• [SUPPLIED ENTRIES]
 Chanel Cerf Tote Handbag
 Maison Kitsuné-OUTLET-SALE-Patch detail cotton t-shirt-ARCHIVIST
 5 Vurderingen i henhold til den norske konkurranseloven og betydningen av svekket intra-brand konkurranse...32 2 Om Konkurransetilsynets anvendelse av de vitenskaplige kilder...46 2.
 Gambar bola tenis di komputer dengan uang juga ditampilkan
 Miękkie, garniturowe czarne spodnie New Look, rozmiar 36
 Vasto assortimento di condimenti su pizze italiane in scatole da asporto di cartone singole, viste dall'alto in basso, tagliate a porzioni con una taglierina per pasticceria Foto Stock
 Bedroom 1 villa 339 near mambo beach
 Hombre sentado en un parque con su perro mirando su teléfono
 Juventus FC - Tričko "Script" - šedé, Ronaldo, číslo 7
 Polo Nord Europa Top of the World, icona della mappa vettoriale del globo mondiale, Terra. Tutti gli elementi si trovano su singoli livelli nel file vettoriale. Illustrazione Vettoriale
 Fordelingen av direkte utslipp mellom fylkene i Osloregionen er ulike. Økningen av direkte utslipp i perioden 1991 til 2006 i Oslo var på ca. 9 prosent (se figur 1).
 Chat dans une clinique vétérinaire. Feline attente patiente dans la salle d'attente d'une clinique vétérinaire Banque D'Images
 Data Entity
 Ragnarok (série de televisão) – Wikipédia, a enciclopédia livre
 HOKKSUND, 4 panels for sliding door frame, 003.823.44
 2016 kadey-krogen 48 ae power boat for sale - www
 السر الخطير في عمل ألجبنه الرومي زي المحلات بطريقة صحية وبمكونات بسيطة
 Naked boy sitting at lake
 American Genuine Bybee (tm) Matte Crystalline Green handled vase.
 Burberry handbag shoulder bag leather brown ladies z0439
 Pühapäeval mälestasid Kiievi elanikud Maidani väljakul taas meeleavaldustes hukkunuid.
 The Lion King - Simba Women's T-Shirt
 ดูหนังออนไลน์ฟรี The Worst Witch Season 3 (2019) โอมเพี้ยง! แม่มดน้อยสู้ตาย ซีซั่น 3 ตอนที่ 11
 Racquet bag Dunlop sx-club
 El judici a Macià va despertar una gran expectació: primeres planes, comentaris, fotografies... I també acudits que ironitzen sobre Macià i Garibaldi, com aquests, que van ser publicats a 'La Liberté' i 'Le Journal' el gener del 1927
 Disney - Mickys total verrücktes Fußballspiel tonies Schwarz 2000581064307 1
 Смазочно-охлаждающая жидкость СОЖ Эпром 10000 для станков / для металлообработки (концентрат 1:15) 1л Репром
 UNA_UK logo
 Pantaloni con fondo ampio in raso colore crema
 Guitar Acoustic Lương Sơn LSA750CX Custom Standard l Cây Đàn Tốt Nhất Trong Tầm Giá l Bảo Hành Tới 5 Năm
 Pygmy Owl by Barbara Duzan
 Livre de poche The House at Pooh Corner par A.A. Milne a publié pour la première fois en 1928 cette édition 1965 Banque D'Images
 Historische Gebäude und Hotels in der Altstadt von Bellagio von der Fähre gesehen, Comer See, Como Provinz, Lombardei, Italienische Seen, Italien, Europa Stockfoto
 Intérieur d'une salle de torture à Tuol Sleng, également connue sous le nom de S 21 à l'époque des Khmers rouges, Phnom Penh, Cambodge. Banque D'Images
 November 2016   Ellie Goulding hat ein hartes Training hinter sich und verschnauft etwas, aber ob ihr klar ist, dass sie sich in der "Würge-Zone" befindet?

• [YOUR ASSIGNMENT]
Set down again, word for word, the stretch of records from the line with "Pühapäeval mälestasid Kiievi" to the line with "Intérieur d'une salle", both of those lines included.

• [RESULT]
 Pühapäeval mälestasid Kiievi elanikud Maidani väljakul taas meeleavaldustes hukkunuid.
 The Lion King - Simba Women's T-Shirt
 ดูหนังออนไลน์ฟรี The Worst Witch Season 3 (2019) โอมเพี้ยง! แม่มดน้อยสู้ตาย ซีซั่น 3 ตอนที่ 11
 Racquet bag Dunlop sx-club
 El judici a Macià va despertar una gran expectació: primeres planes, comentaris, fotografies... I també acudits que ironitzen sobre Macià i Garibaldi, com aquests, que van ser publicats a 'La Liberté' i 'Le Journal' el gener del 1927
 Disney - Mickys total verrücktes Fußballspiel tonies Schwarz 2000581064307 1
 Смазочно-охлаждающая жидкость СОЖ Эпром 10000 для станков / для металлообработки (концентрат 1:15) 1л Репром
 UNA_UK logo
 Pantaloni con fondo ampio in raso colore crema
 Guitar Acoustic Lương Sơn LSA750CX Custom Standard l Cây Đàn Tốt Nhất Trong Tầm Giá l Bảo Hành Tới 5 Năm
 Pygmy Owl by Barbara Duzan
 Livre de poche The House at Pooh Corner par A.A. Milne a publié pour la première fois en 1928 cette édition 1965 Banque D'Images
 Historische Gebäude und Hotels in der Altstadt von Bellagio von der Fähre gesehen, Comer See, Como Provinz, Lombardei, Italienische Seen, Italien, Europa Stockfoto
 Intérieur d'une salle de torture à Tuol Sleng, également connue sous le nom de S 21 à l'époque des Khmers rouges, Phnom Penh, Cambodge. Banque D'Images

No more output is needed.